Ibn al-Qayyim, al-Kâfiya ash-shâfiya (an-Nûniyya). Ibn Taymiyya, al-'Ubûdiyya : le cœur qui n'est pas asservi à Allah est nécessairement asservi à autre chose.
- Trois tawhîd, un seul refus : les Mecquois confessaient la seigneurie (rubûbiyya) et refusaient l'exclusivité du culte (ulûhiyya). La shahâda vise ce second point ; qui la réduit au premier n'a pas encore rencontré son sens.
- L'ellipse « digne d'adoration » n'est pas une coquetterie de traducteur : elle est la différence entre une description (« il y a des adorés ») et un verdict (« un seul l'est en droit »).
- La négation précède l'affirmation parce que le cœur est toujours déjà occupé.

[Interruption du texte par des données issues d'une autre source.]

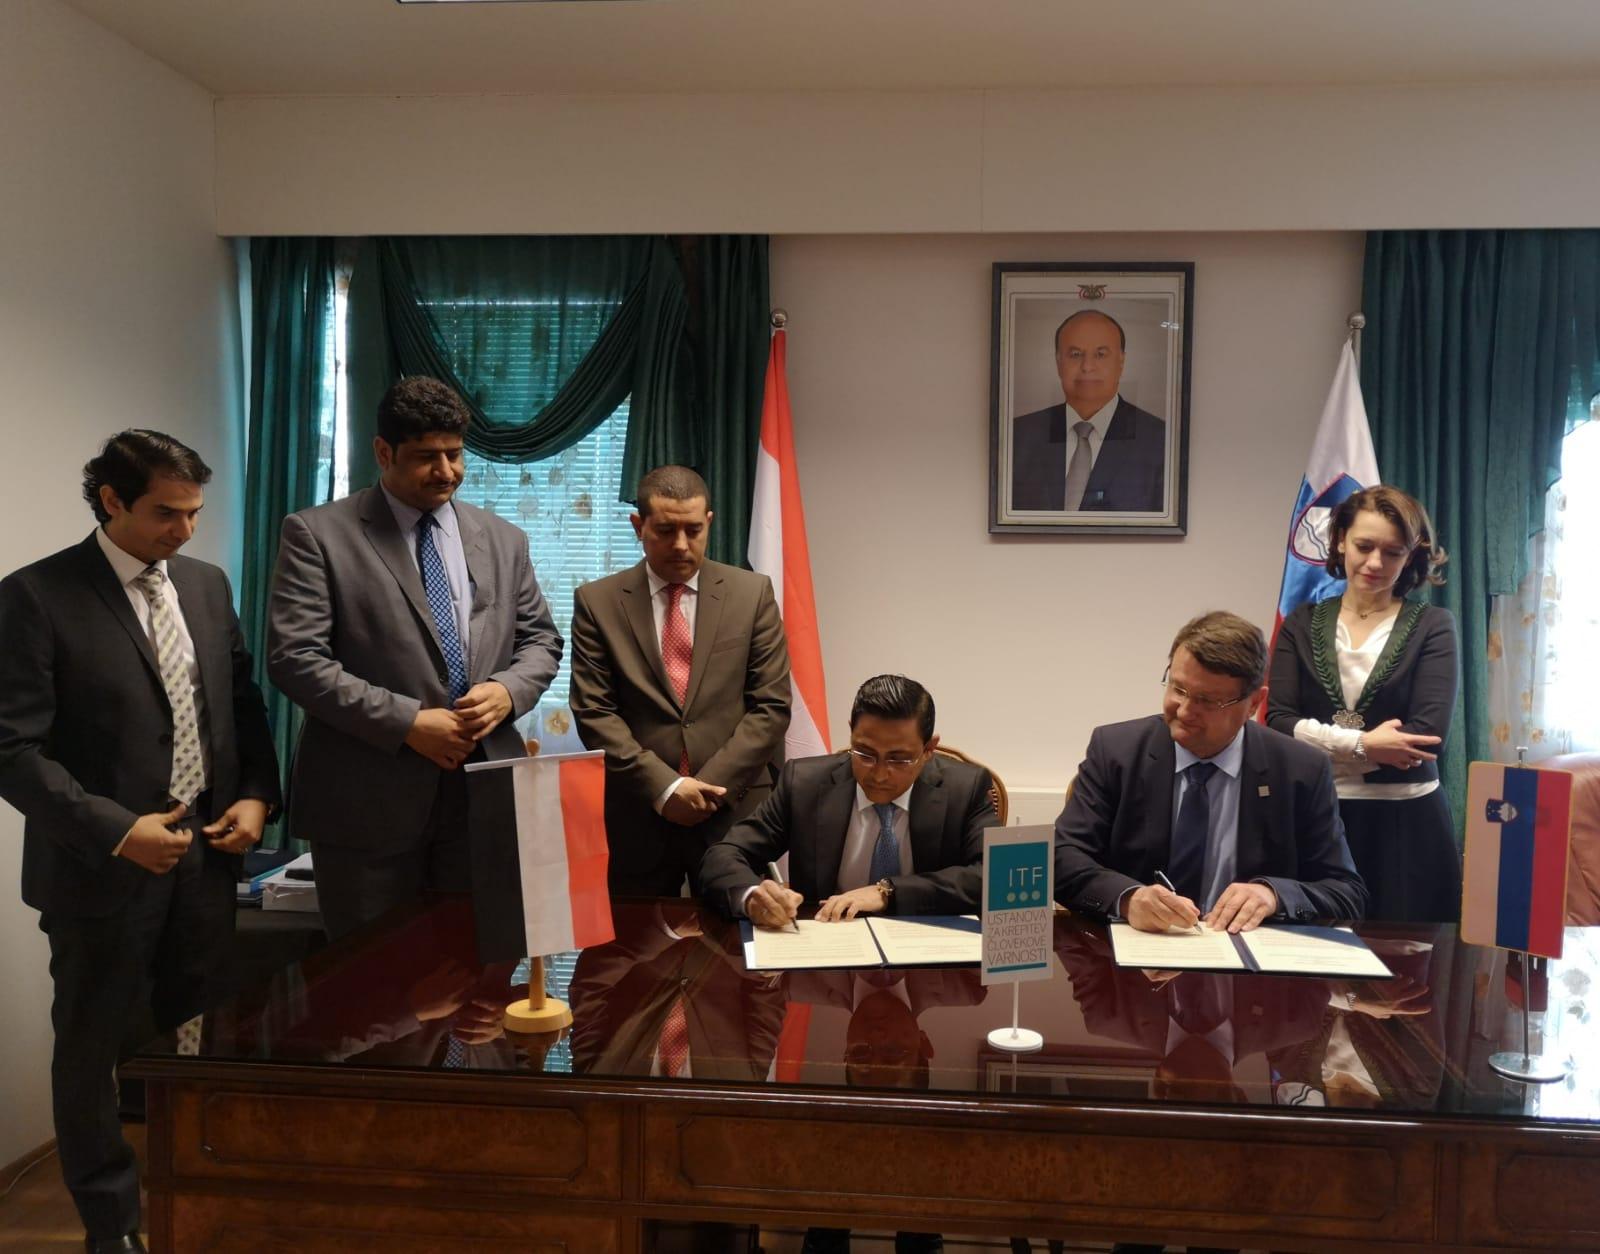 مؤسسة سلوفينية ستنفذ برامج لنزع الألغام في اليمن وعلاج ضحاياها من الأطفال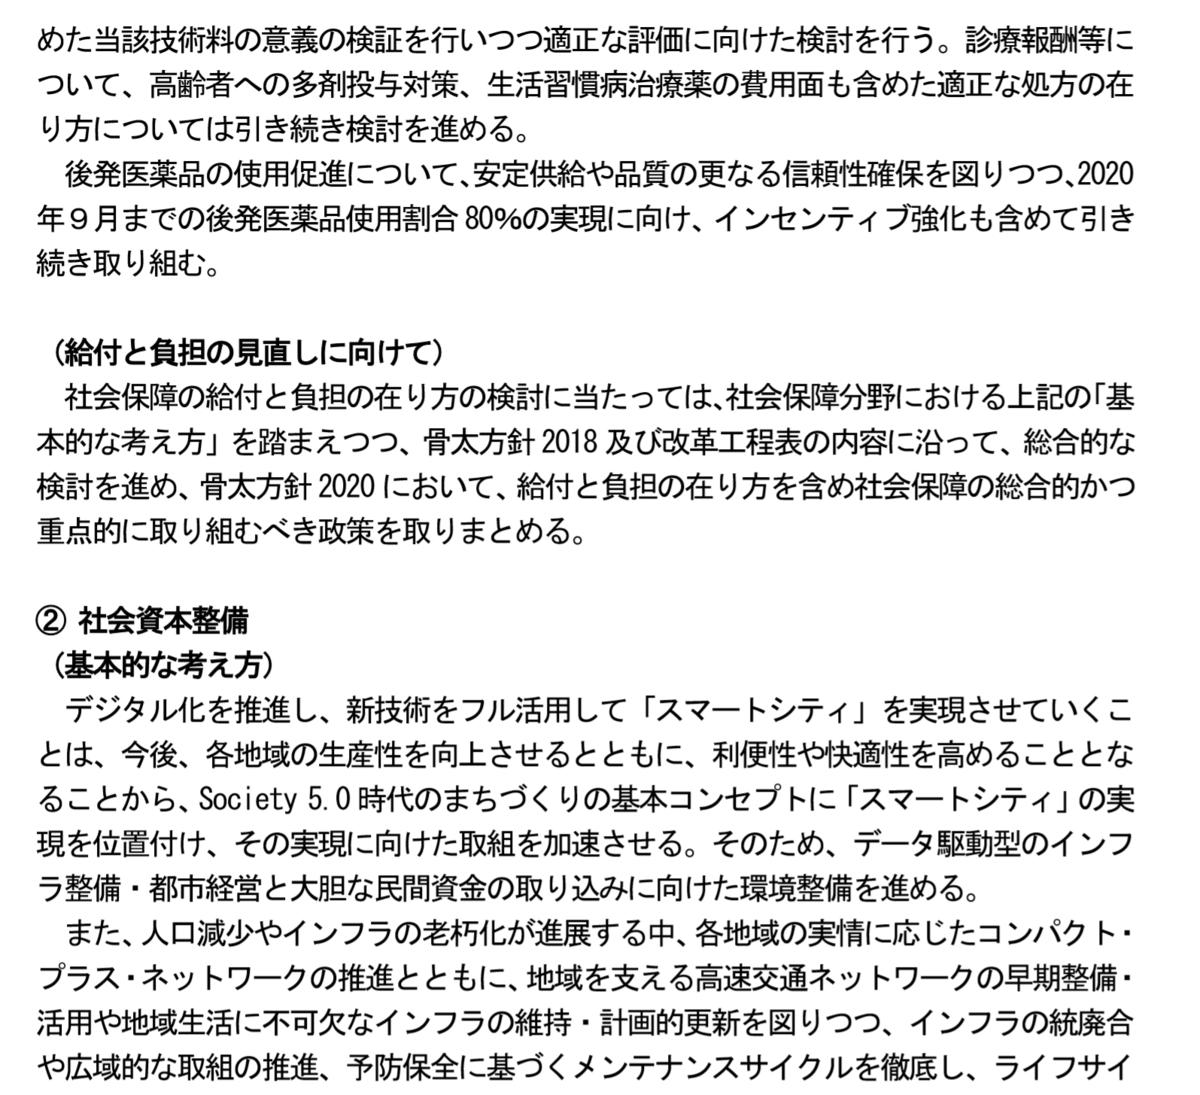 f:id:kaikakujapan:20190624180315p:plain

D'où la règle de tout retour à Allah : on ne se convertit pas en ajoutant Allah à sa collection — on se convertit en vidant la collection.
« Je crois en Dieu, mais à ma manière » : la formule la plus répandue de l'Occident est exactement celle des Mecquois — un Créateur admis, un culte réservé à soi-même et à ses préférences. La shahâda ne demande pas d'abord de croire qu'Allah existe : l'immense majorité de l'humanité le croit. Elle demande de Lui rendre le monopole de l'adoration — et c'est là, très précisément, que le monde moderne, comme La Mecque, s'enfle de fierté.